From the American Mathematical Monthly problem E$69$ (Vol. $41$, May $1934$, p. $322$)
(accessed via JSTOR)
Instead of a product of powers, $a^bc^d$, a printer accidentally prints the four-digit number, $abcd$. The value is however the same. Find the number and show that it is unique.

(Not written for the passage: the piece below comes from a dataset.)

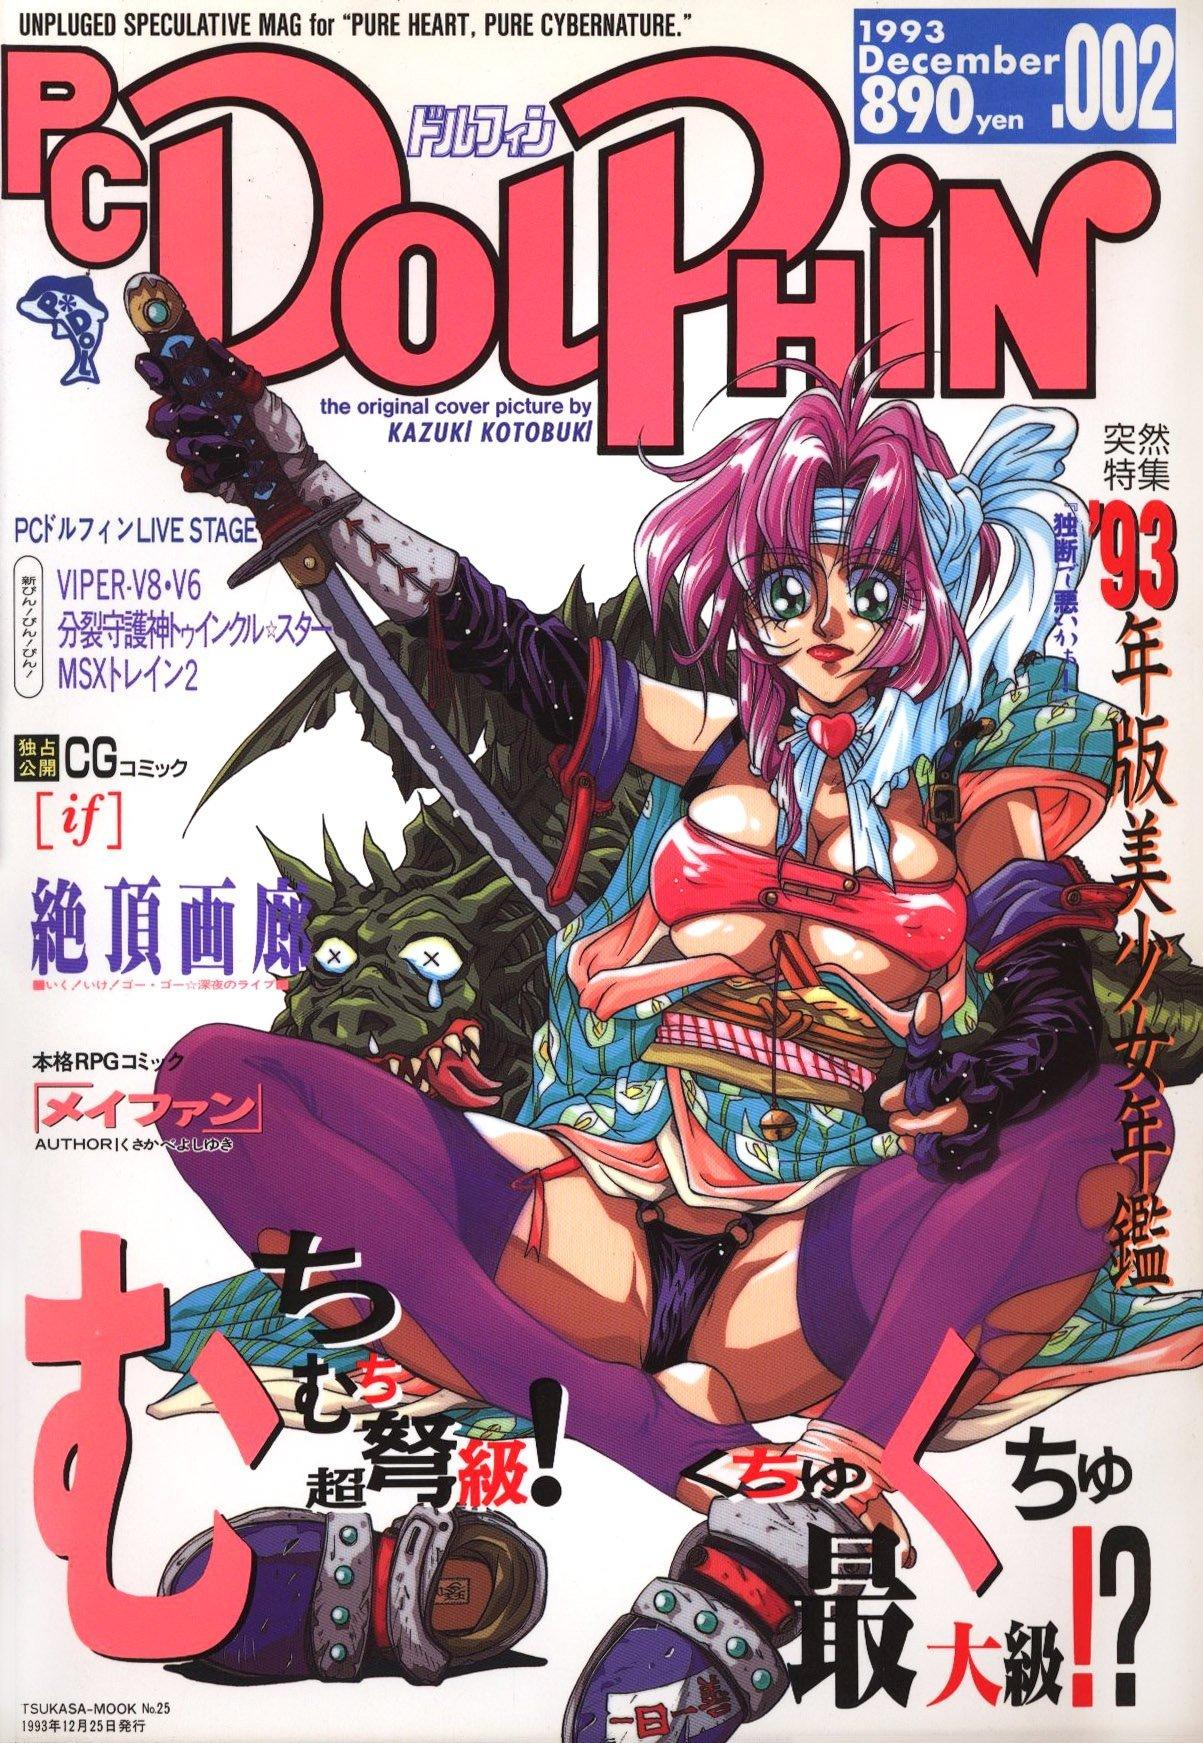 PC Dolphin Vol.02 (December 1993)
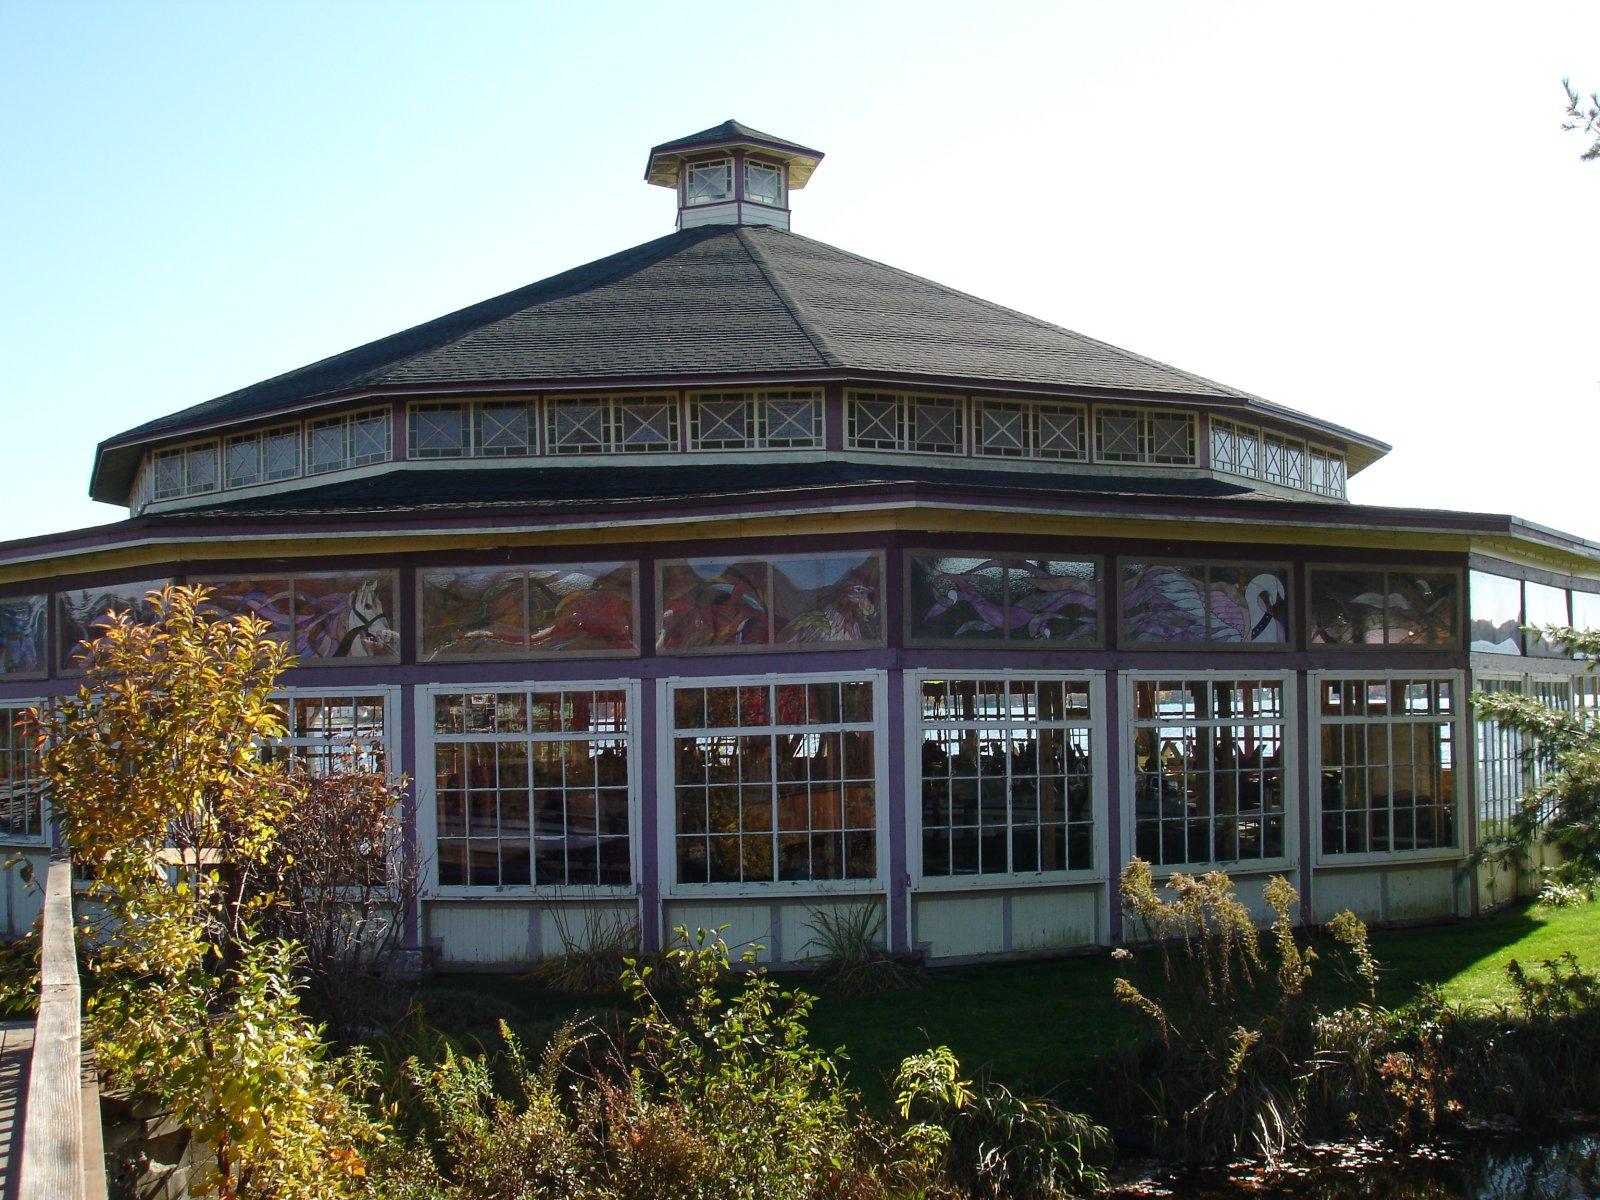 Click image for larger version  Name:Adirondack Leaf Peep'n October 2008 013.jpg Views:75 Size:400.4 KB ID:74573

- Since $abcd = a^bc^d$, neither $a^b$ nor $c^d$ can have more than four digits. Hence the highest possible powers for any single digits in the problem are $9^4$, $8^4$, $7^4$, $6^5$, $5^5$, $4^6$, $3^8$, $2^9$, and $1^9$ $2.$
- Neither $a$ nor $c$ is zero, as that would make $abcd$ zero
- If $a=1$, or if $b=0$, then $abcd = c^d$. Similarly, if $c=1$ or $d=0$, then $abcd = a^b$. Examination of the expanded powers which have four digits shows that none meets these conditions. Therefore $a \not =1$, $b \not = 0$, $ c \not = 1$, and $d \not =0$.
- If one of $a^b$ and $c^d$ has four digits, the other is less than ten and so must be $n^1$, $2^2$, $2^3$, or $3^2$. But no product of an eligible four digits expanded power by any one of these numbers meets condition (1), so these possibilities are accordingly ruled out.
- Since $abcd$ cannot end in zero, and since neither $a$ nor $c$ is one, $2000 \lt abcd \lt 10,000$.
- A test of the possible products formable from the remaining eligible expanded factors by multiplying the units digits and noting that the resultant units digits is not the same as either exponent, eliminates the majority of possibilities. Complete multiplication disposes of all others except $2^5 \cdot 9^2 = 32 \cdot 81 = 2592$, which is therefore the unique solution.